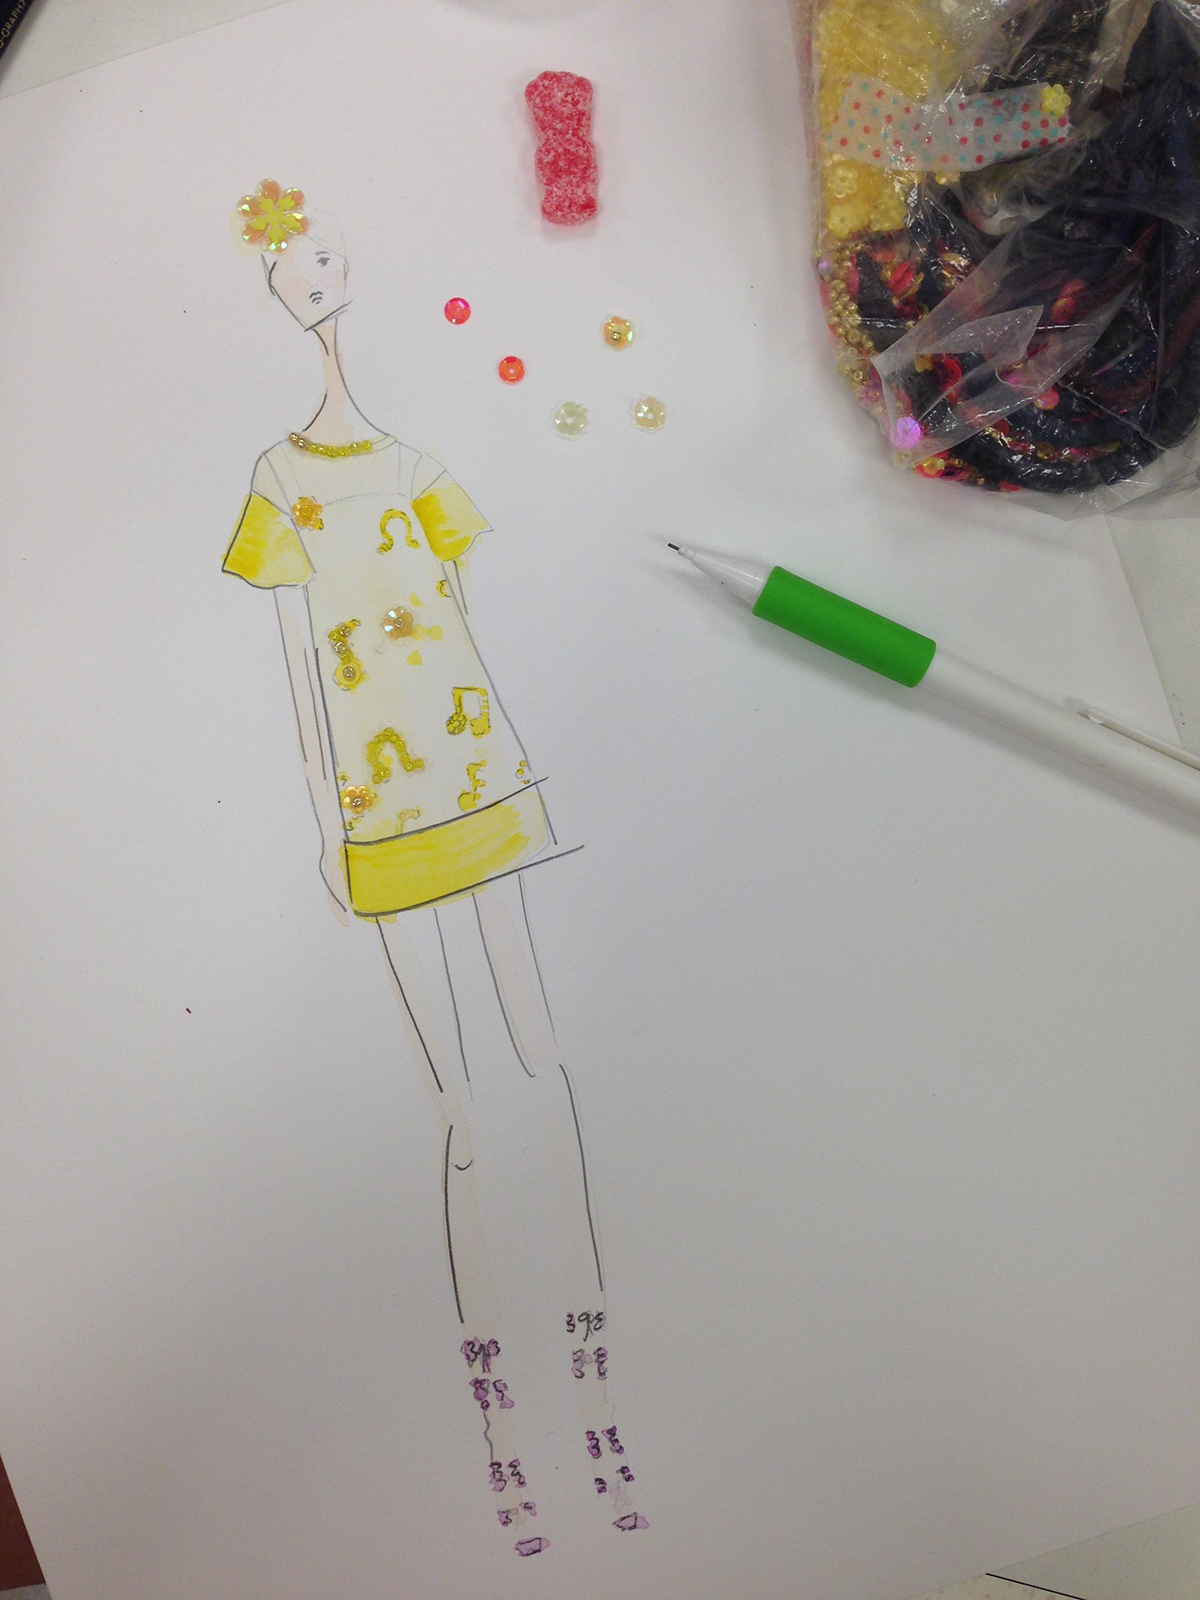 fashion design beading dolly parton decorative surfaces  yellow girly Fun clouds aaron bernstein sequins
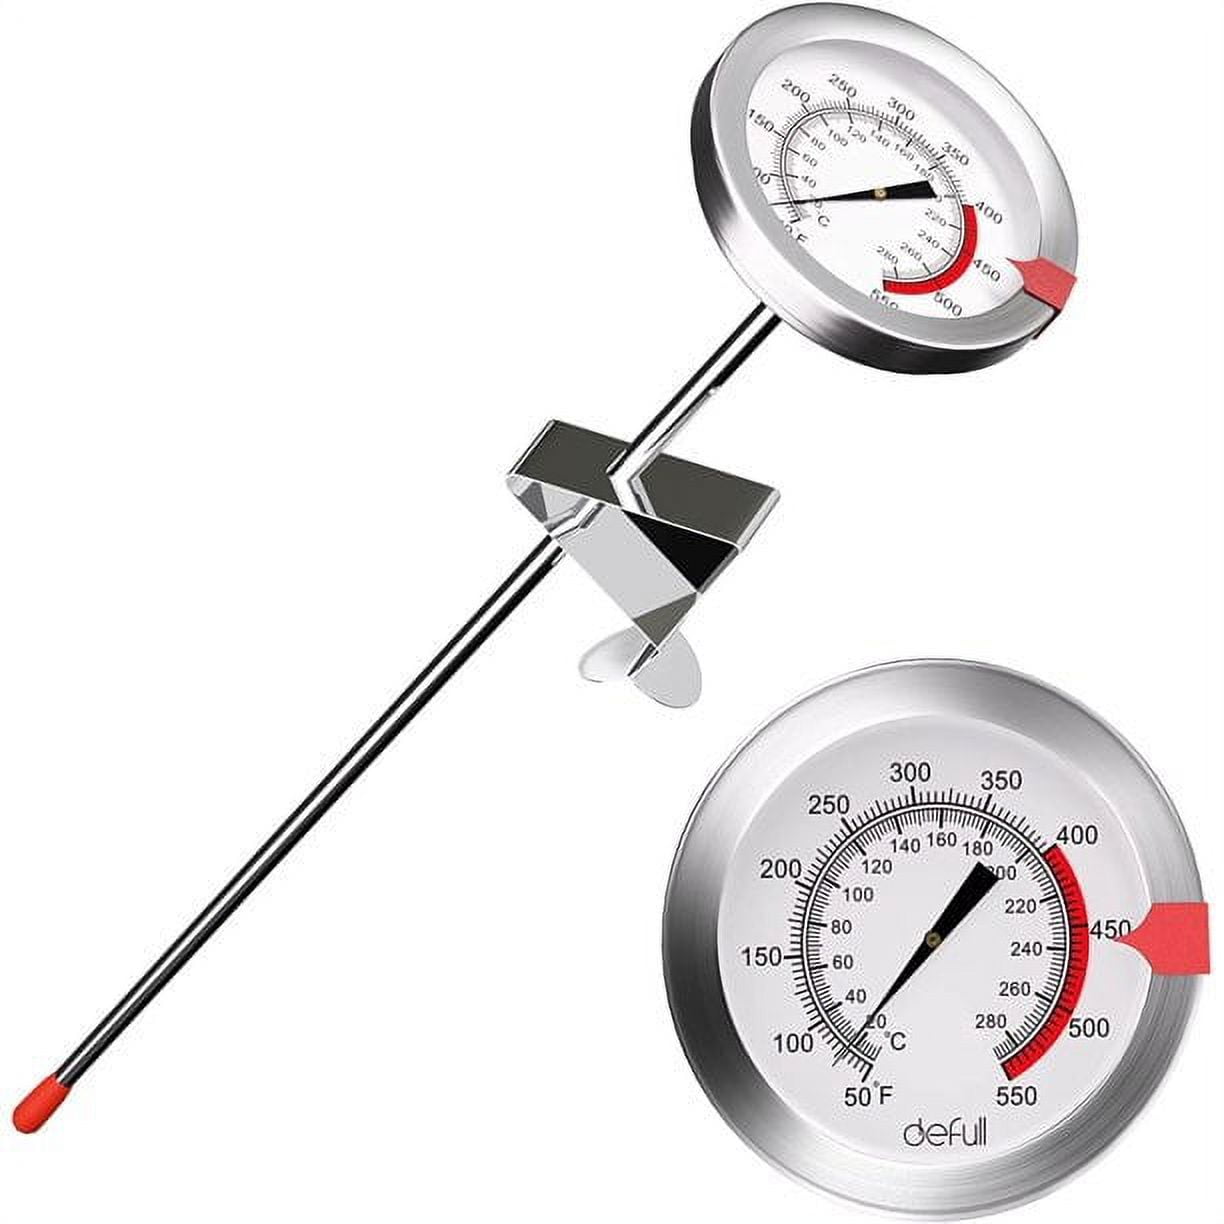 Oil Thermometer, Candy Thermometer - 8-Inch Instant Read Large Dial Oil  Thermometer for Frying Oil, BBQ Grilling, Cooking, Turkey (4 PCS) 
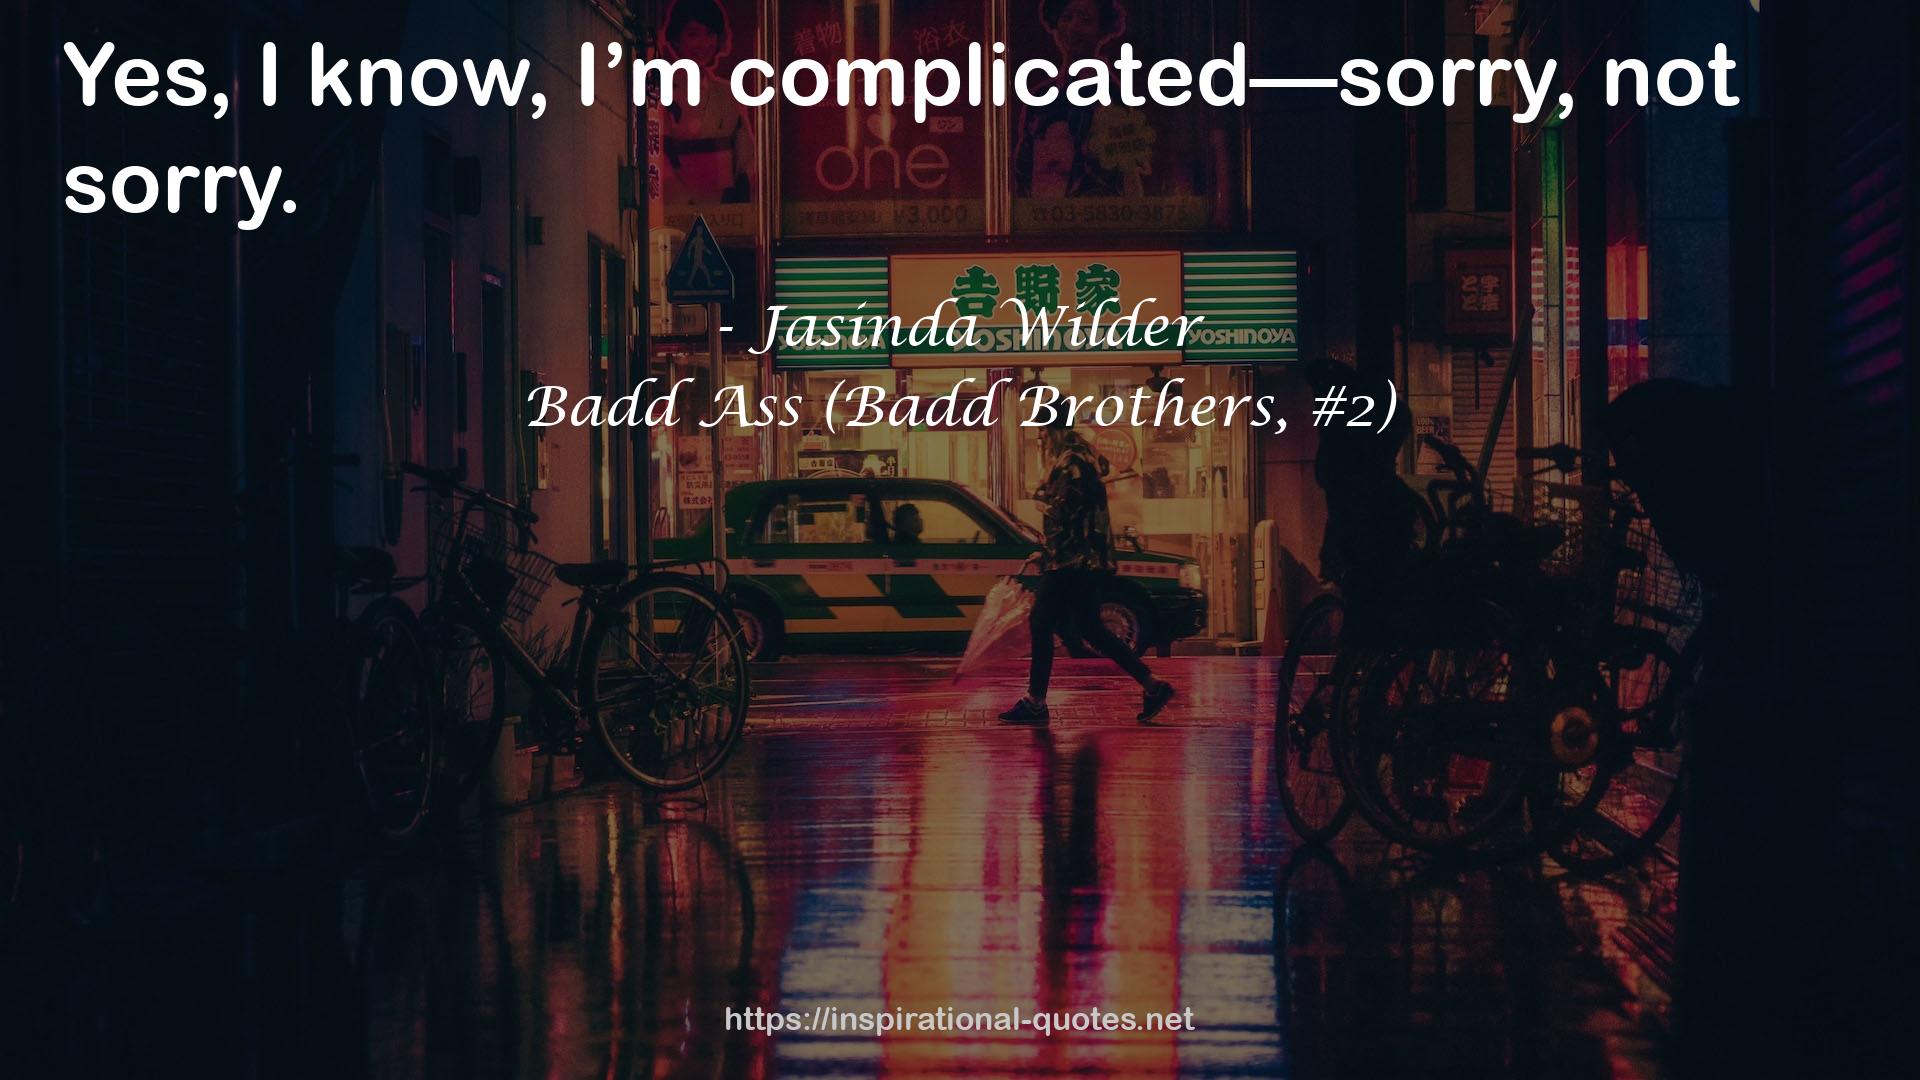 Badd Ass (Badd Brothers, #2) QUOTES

-=-=-=-=-

■ What you should do: Could you transcribe exactly the lines running from the one with "Oil Thermometer, Candy" to the final line of the material above, both included, with no pictures?

■ Task answer:
 Oil Thermometer, Candy Thermometer - 8-Inch Instant Read Large Dial Oil  Thermometer for Frying Oil, BBQ Grilling, Cooking, Turkey (4 PCS) 
 Badd Ass (Badd Brothers, #2) QUOTES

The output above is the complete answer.